(Saved entries)
-- -- --
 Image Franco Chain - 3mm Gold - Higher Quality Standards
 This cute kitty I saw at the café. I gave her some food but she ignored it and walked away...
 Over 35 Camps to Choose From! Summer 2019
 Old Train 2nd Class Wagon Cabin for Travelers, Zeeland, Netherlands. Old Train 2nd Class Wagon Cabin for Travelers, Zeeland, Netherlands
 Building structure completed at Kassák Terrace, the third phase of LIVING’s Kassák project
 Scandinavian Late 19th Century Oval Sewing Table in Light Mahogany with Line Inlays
-- -- --
A word-for-word copy of the data above is the goal, so set it all down again.

 Image Franco Chain - 3mm Gold - Higher Quality Standards
 This cute kitty I saw at the café. I gave her some food but she ignored it and walked away...
 Over 35 Camps to Choose From! Summer 2019
 Old Train 2nd Class Wagon Cabin for Travelers, Zeeland, Netherlands. Old Train 2nd Class Wagon Cabin for Travelers, Zeeland, Netherlands
 Building structure completed at Kassák Terrace, the third phase of LIVING’s Kassák project
 Scandinavian Late 19th Century Oval Sewing Table in Light Mahogany with Line Inlays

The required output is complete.